Maggiekw wrote:So with a short brew ratio my experience is that it absolutely make a noticible difference, but what if the brew time expands like cold brew or even french press?
It's a very good question. I know from my own tasting that in the Clever dripper (5 minute immersion brew time, like a French Press, but with a paper filter), grinders that are designed for brew (Bunn, Vario/Forte with brew burrs, & Fuji with ghost burrs) do noticeably better than those with espresso burrs (Vario/Forte with ceramic burrs, and commercial conical grinders)
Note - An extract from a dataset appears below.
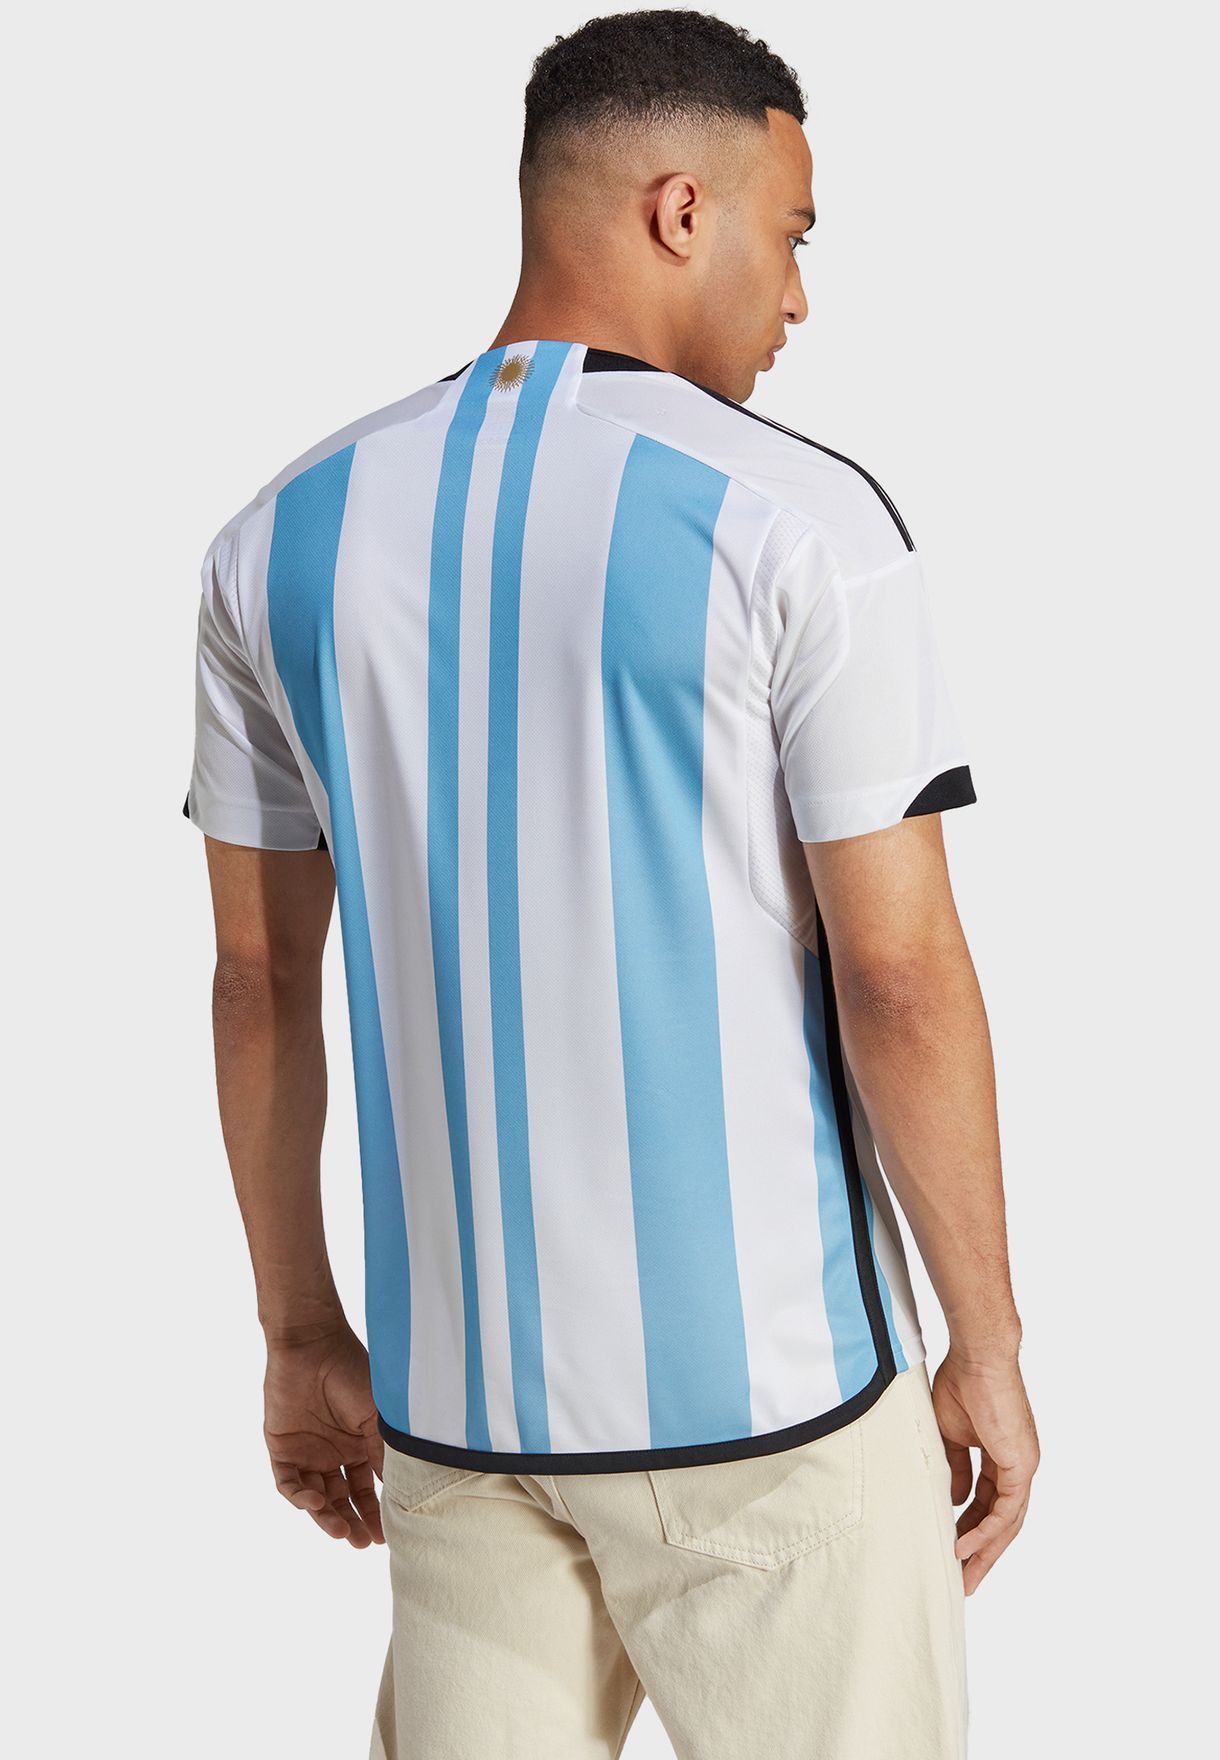 Argentina Home Jersey

One theory is that high extraction yields are the royal road to better coffee. But in many taste tests, very high extraction yields are not necessarily correlated with better or clearer tasting coffee; and that coffees with identical EYs can taste quite different. The other standard theory is that narrower particle distributions produce clearer cups. This I think has merit for brewing, where 1) there are big differences between burr sets, and 2) particle distributions are easy to measure (laser measurements become less accurate in the espresso range; and particle distributions are harder to characterize when fines and coarse distributions strongly overlap).

So my guess is that the difference will hold up.
Jim Schulman

Maggiekw (original poster)

#7: Post by Maggiekw (original poster) »

Interesting to hear all your thoughts. I will make two cold brews right now. One with the cheap wilfa aroma with conical burrs, and one with the lagom p100 with HU burrs. I will report the results in two days time.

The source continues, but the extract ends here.